Friday, December 31, 2010

Elena's Recipes

I am pretty sure that my love of cooking comes from my mom. She cooked. Boy did she cook. When her friends had parties, she was the one they called to cook. Her Philippine Club had a picnic it was my mom who roasted the pig. Once when I was a young teenager, she had brought home a baby pig, for the picnic. She wanted me to hold it while she slit its throat.........I ran as far as I could and I never ate barbque pig after that. Even today. But the Philippine foods she would cook, oh it was always soooo good. I have memories of weekends sitting watching black and white TV while mom was in the kitchen cooking up a storm and all the windows were fogged up. Pepsi was always on the table. Philippine friends were always over speaking Tagalog with mom. And the house was filled with her laughter. I miss moms laughter and cooking.
This year, I had my daughter and her boyfriend Mike over for dinner and I invited my brother and his family too. I made some of my mothers famous recipes. Many childhood friends now reacquainted on Facebook all commented on how they loved the things my mom cooked. So for the second time in my life, I made Panciet and Adobo, Leche flan and Lumpia.
I cooked all night, the Moday before the dinner. Just like mom did. I had the music on and it was exhausting work!!! But then Jerry Vale started singing and I knew, mom was there looking over my shoulder. Jerry was her favorite singer.
So here is the copy of recipes I shared with all the women in the family Tuesday night so they can practice cooking like their Grandam Elena.



Lumpia

Ingredients
1 tablespoon vegetable oil
1 pound ground pork
2 cloves garlic, crushed
1/2 cup chopped onion
1/2 cup minced carrots
1/2 cup bean sprouts
1/2 cup chopped green onions
1/2 cup thinly sliced green cabbage
1 teaspoon ground black pepper
1 teaspoon salt
1 teaspoon garlic powder
1 teaspoon soy sauce
30 lumpia wrappers (eggroll wrappers)
2 cups vegetable oil for frying
Directions
1.    Place a wok or large skillet over high heat, and pour in 1 tablespoon vegetable oil. Cook pork, stirring frequently, until no pink is showing. Remove pork from pan and set aside. Drain grease from pan, leaving a thin coating. Cook garlic and onion in the same pan for 2 minutes. Stir in the cooked pork, carrots, green onions, and cabbage. Season with pepper, salt, garlic powder, and soy sauce. Remove from heat, and set aside until cool enough to handle.
2.    Place three heaping tablespoons of the filling diagonally near one corner of each wrapper, leaving a 1 1/2 inch space at both ends. Fold the side along the length of the filling over the filling, tuck in both ends, and roll neatly. Keep the roll tight as you assemble. Moisten the other side of the wrapper with water to seal the edge. Cover the rolls with plastic wrap to retain moisture.
3.    Heat a heavy skillet over medium heat, add oil to 1/2 inch depth, and heat for 5 minutes. Slide 3 or 4 lumpia into the oil. Fry the rolls for 1 to 2 minutes, until all sides are golden brown. Drain on paper towels. Serve immediately.







Pancit




Ingredients: 
1 8 oz. pack rice  noodles
1 cooked chicken breast, shredded
2 cups of chicken broth or 2 chicken bouillon cubes dissolved in 2 cups of water
1/4 cabbage, sliced into strips
1 onion, pealed and sliced
3 cloves of garlic, crushed and minced
1/3 cup scallions, cut into pieces
1 carrot, sliced into strips
2 tablespoons of cooking oil
3/4 cup diced celery
3 tablespoons soy sauce
Salt and pepper to taste

Directions:
1. Soak the rice noodles to soften for 10 minutes

2. Grease a large pan or wok with oil. Sauté garlic and onions.

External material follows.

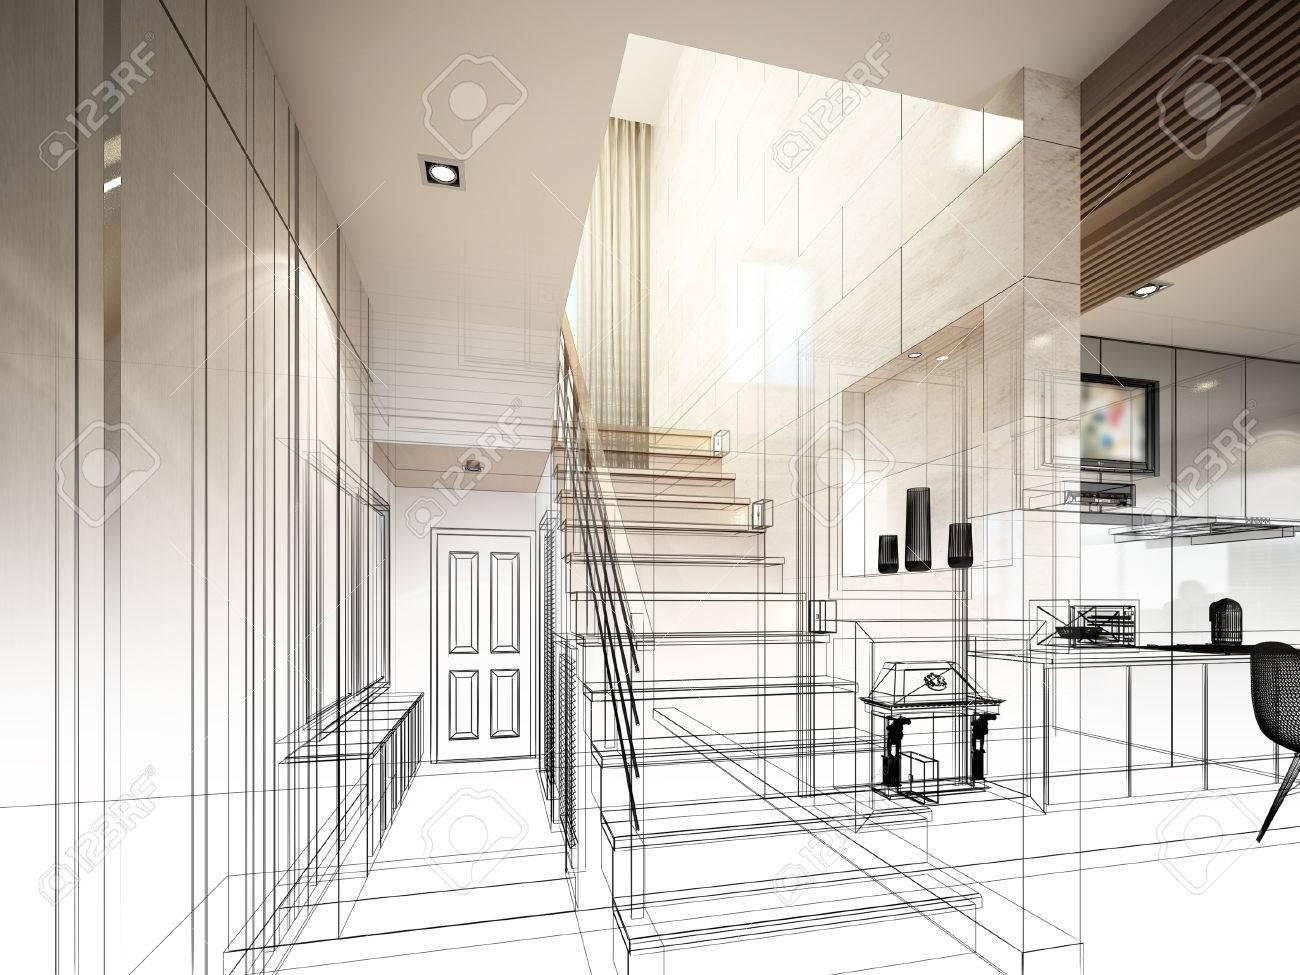 sketch design of stair hall 3dwire frame render - 40904835
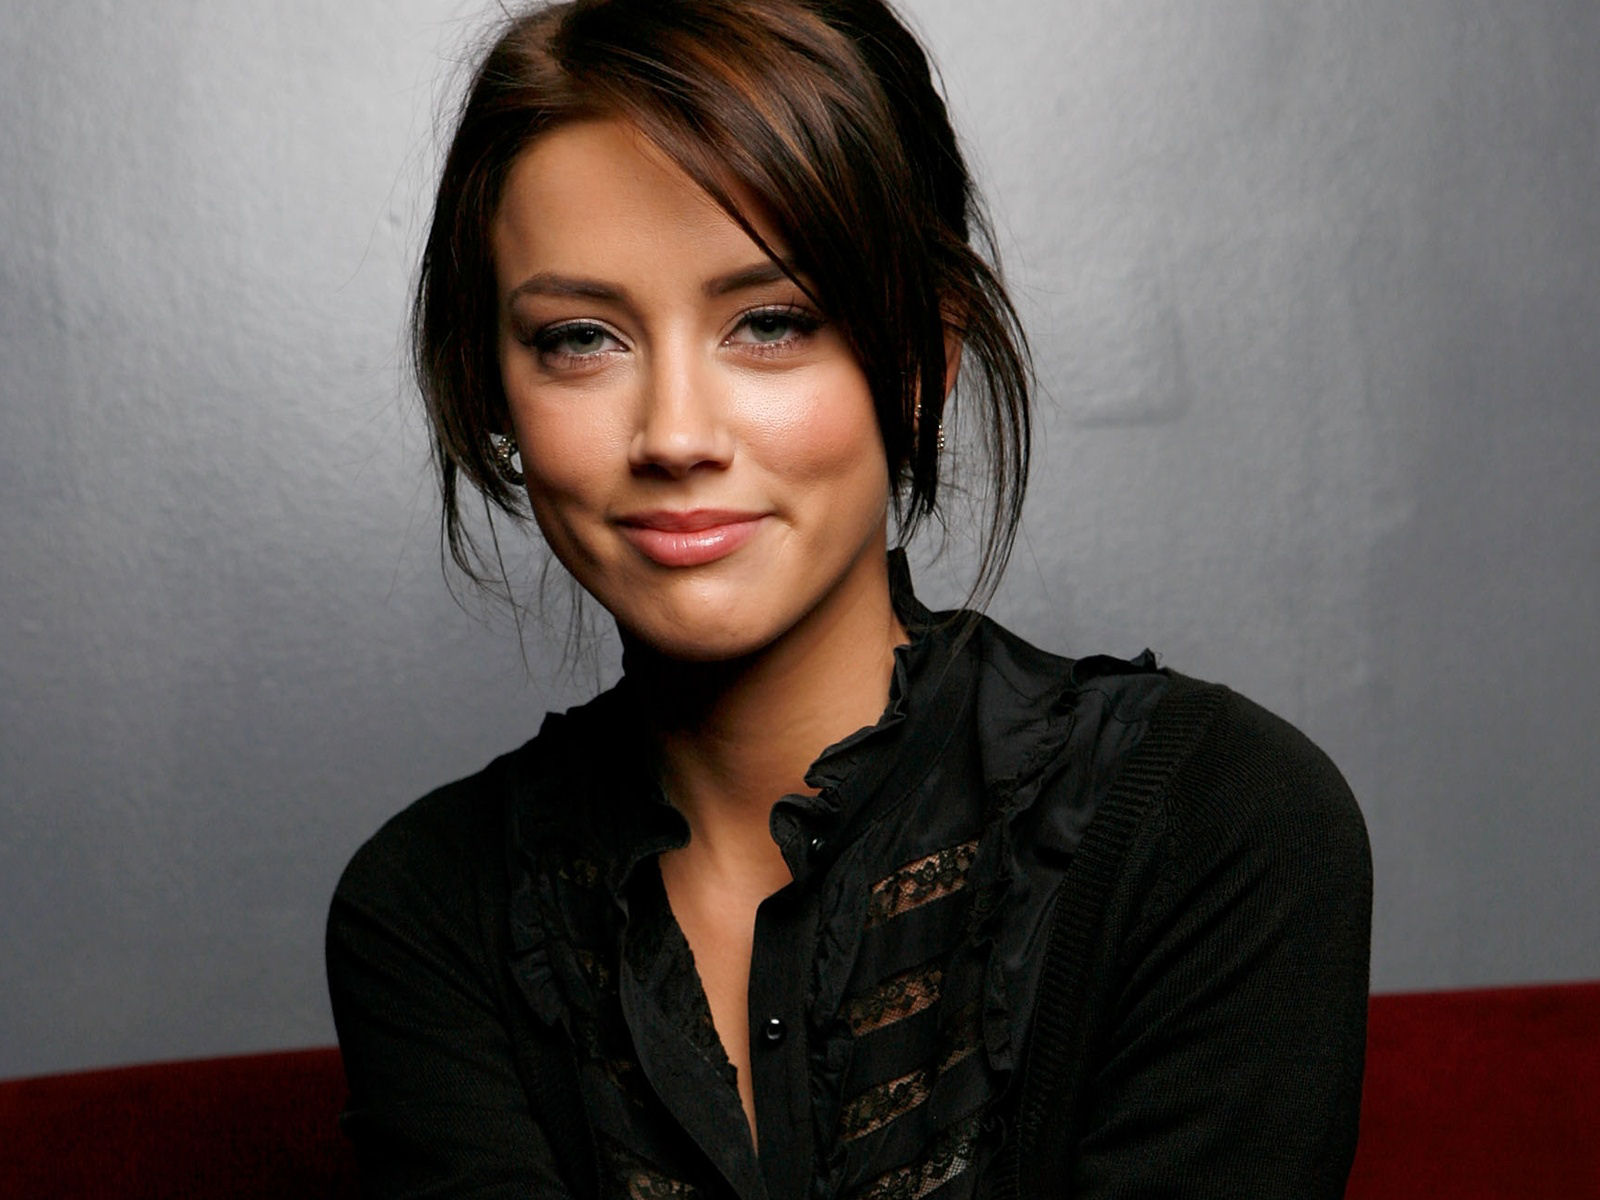 Amber Heard | Эмбер Хёрд - Страница 2 Amber-Heard-Wallpaper-005-1600x1200

3. Add the chicken broth, the shredded chicken breast and all the vegetables until cooked.

4. Mix in the rice noodles and add the soy sauce, cook for about 5 minutes or until the noodles are soft.

5. Salt and pepper to taste.

Chicken or Pork Adobo


1 chicken pieces pork peices
5 or 6 large garlic cloves  (chopped)
  vegetable oil
1 tsp ground black pepper
4 whole black pepper cloves
3 dried bay leaves
   shredded fresh ginger
1 cup soy sauce
1 cup vinegar
7-up or Sprite (optional)
Remember to wash your chicken very well. We recommend using   lemon to scrub all over the chicken parts and rub some salt into it as well.
Heat oil and add all of the garlic, and cook until garlic is lightly browned. Add chicken and sauté until the chicken is beginning to tenderize.
Add ground black pepper, whole black pepper cloves, bay leaves, soy sauce, and vinegar, and let simmer for 25-35 minutes or until chicken is done.
Taste and adjust to suit your taste (should be a bit tangy). When chicken is tender, you may add some 7-Up or Sprite if you prefer a sweeter taste, and let simmer for 5 more minutes.
Serve over rice.
Leche Flan




Caramel:
1 cup sugar
3/4 cup water
Put sugar and water in a saucepan. Caramelize in medium heat until sugar is dissolved. Pour into flan molds or custard cups, tilting the mold to make sure the whole surface (about less than 1 cm) is covered. The more caramel you pour into the molds the sweeter the leche flan.
Custard:
8 egg yolks
1 can evaporated and 1 can condensed sweetened milk
1 tbsp. vanilla
1. In a large bowl, combine all custard ingredients. Stir lightly when mixing to prevent bubbles or foam from forming. Strain slowly while pouring into caramel lined flan mold.
Preheat oven to 325 degrees. Cover mold with tin foil. Put molds into a bigger tray filled with water. Bake in oven for one hour or until mixture is firm. cool before unmolding on a platter.
Put molds in a bigger tray/ baking pan filled with water.
Bake in oven for one hour or until mixture is firm. Cool before unmolding on a platter.
Mom (Elena) covered with mandarin oranges.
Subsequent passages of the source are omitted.